The FestVox projects (http://festvox.org) specifically deals with this issue and contains full documentation, disucssion, as wellas tools for designing, recording, building, and testing of new voices in new and currentl supported languages. If you are going to actual build a new synthetic voice you should read the festvox document itself
Building a new voice in a new language requires addressing the following
Before starting you must have a phoneset. This is often pre-defined due to the lexicon and/or waveform synthesizer that is to be used. Most languages have a phoneste already defined for them, though if this is a language that has had little computational the phoneset may not be defined complete for easy computational use. However wherever possible it is wise to use someone elses defined phoneste but do consider the possibility that it needs to be augment due to allophonic phenomena such as vowel reduction, flaps, palatalization etc.
The next area to consider is tokenization of text, assuming the desired language has a written form, if not you'll need to defined on. This can be relatively easy or not depending on the language. Chinese, Japanese and Thai (and others) do not use spaces between works so even simple tokenization is a non-trival process. There are statistical techniques that work for this but they require a lexicon of words in the language sproat96b. Other problems such as numbers, symbols, homographs etc require treatment. Note that although from a anglosized view treatment of text in the native writting system may seem no worth it, for it to be considered a TTS system for that language you must allow input to be in that writing system. This requirement may be non-trivial to answer if there are few computer fonts, or authoring tools for that language, but it should be seriously addressed.
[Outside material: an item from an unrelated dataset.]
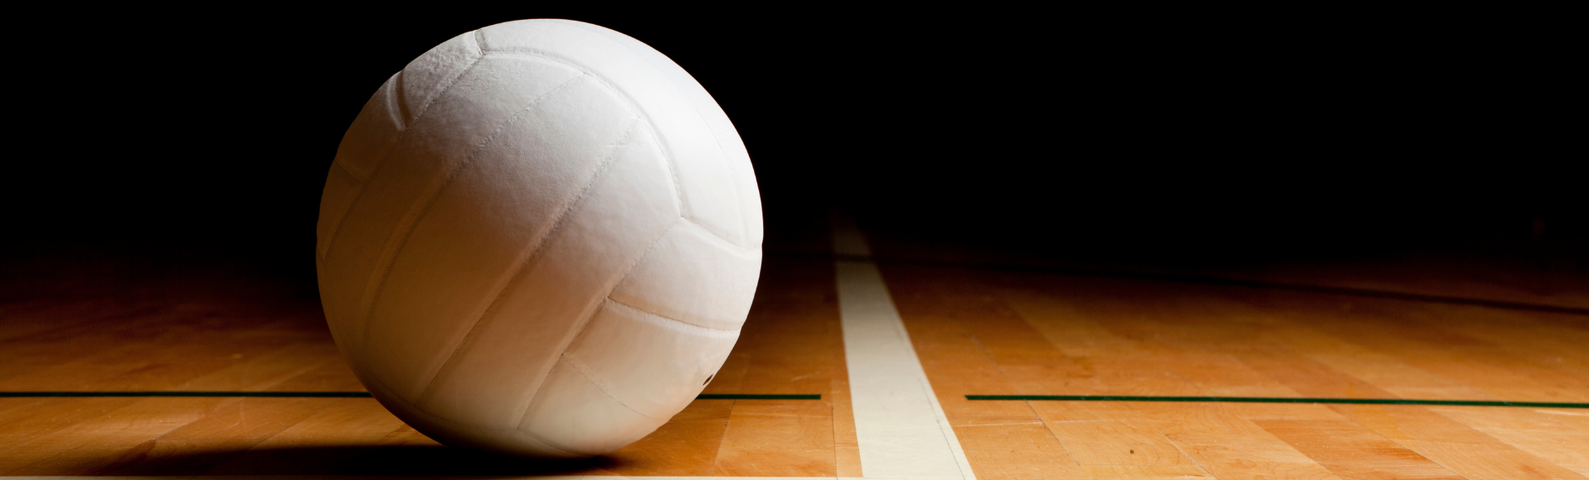 White volleyball on a dark hardwood court.

In some cases a romanized only form of synthesis may be sufficient, for example if the synthesizer is only going to be used in language generation systems, or manchine translation system, it may be possible to use this simplified script. Also note that due to the dominence of ASCII based machines that even when there is a native written form many computer based users of the language have constructed a romanized system due to the inadequacy of existin computer systems. Support that writting system may be advanatageous as there already exist text (e.g. email) in that form. For example Greek can be written in Ascii using soundalike and lookalike symbols. Greek people do use this in email when no other input method is available and we found it useful to include support for this in our Greek synthesizer.
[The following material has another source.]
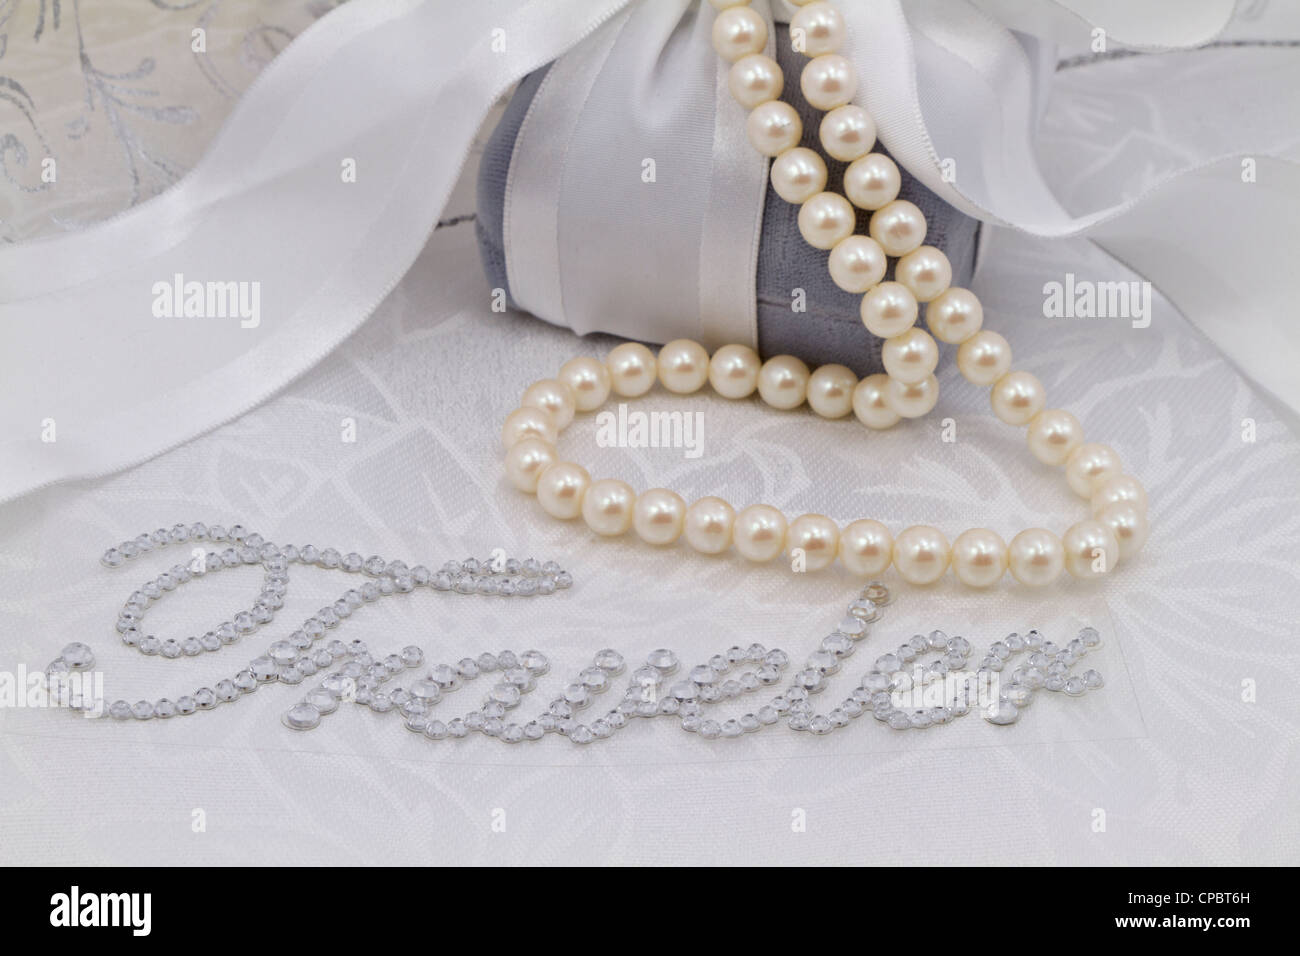 Immagine femminile con la parola "Traveler" in finti diamanti immessi sul damasco bianco e circondato da perle, velluto confezione regalo. Foto Stock

Possibily the most expensive part required for a synthesizer is probably a lexicon. However many language don't require one as the relationship between the written and phonetic form can be so close that simple hand written letter to sound rules are sufficient. Building large lexicons is a long and tedious task and not something to be undertaken lightly. Whereever possible you should try to find an existing lexicon in the language. Though remember to note its copyright restrictions.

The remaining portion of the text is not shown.